Слух. Где-то рядом посвистывал ветер, завывая в щелях. Но это был не единственный звук. Еще был… шепот. Неясный, многоголосый, он лился отовсюду: из грубых каменных стен, от потрескавшихся деревянных балок над головой, даже из самого воздуха. Это не были слова. Это был белый шум, гул десятков чужих мыслей, сливающихся в невнятный, навязчивый рокот. Он давил на виски, сверлил мозг, не давая собрать и одной собственной мысли в кучу.
Я попыталась открыть глаза. Веки словно налились свинцом. Моргнув несколько раз, я наконец смогла разлепить ресницы. Зрение плыло, прежде чем мне удалось сфокусировалось на стене прямо перед собой. Грубый, темный камень. Штукатурка облупилась, обнажив неровную кладку.
«Где я?» – попыталась спросить я, но из горла вырвался лишь хриплый стон. Этот звук испугал меня еще больше. Паника, острая и слепая, снова сжала мое горло. Я попыталась подняться, оттолкнуться от жесткой постели, но руки не слушались. Они были ватными, лишь слабо дернулись в ответ на приказ мозга. Ноги тоже были тяжелыми, как чугунные болванки.

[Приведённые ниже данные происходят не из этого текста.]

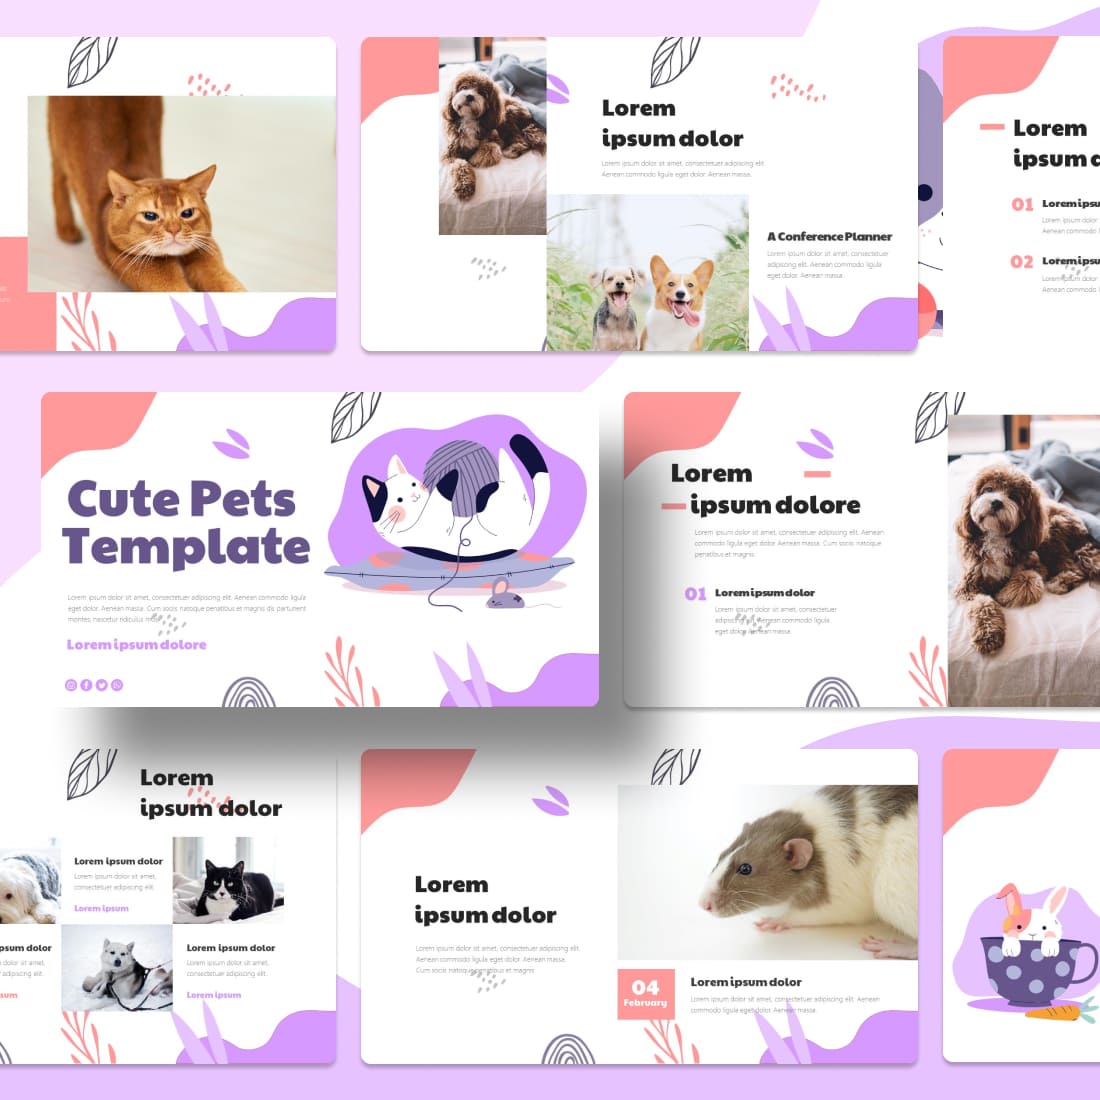 Cute Pets Presentation Template cover.

Внезапно скрипнула дверь, и шепот на мгновение стих, отступив перед реальными звуками. В комнату вошли две женщины. Одна – постарше, с усталым, но добрым лицом, в простом темном одеянии, с чашкой в руках. Вторая – моложе, с острыми, чертами лица и плотно сжатыми губами. Она несла таз и тряпку.
— О, проснулась наша красавица, — с непередаваемой язвительностью произнесла молодая, с грохотом ставя таз на пол. — Ну что, Осиэки, нагулялась в своей стране грез? Пора и честь знать. Надо тебя привести в порядок, а то воняешь, как залежалая коровья туша.
Имя «Осиэки» прозвучало как плевок. Я инстинктивно поняла, что обращаются ко мне. И хоть слова звучали непривычно, я понимала их смысл. Как поняла, и что означает это имя — Осиэки. Бремя.
Меня зовут «Бремя»? Что за чуть! Меня зовут… Ох… Как же меня зовут?!
Пожилая женщина вздохнула.
— Оставь ее, Фудзико. Не ее вина, в каком она состоянии.
— Еще какая вина! — огрызнулась Фудзико. — Другие работают в поле до седьмого пота, а эта, благородная да убогая, лежит тут, как бревно, и за ней еще ухаживай, как за младенцем.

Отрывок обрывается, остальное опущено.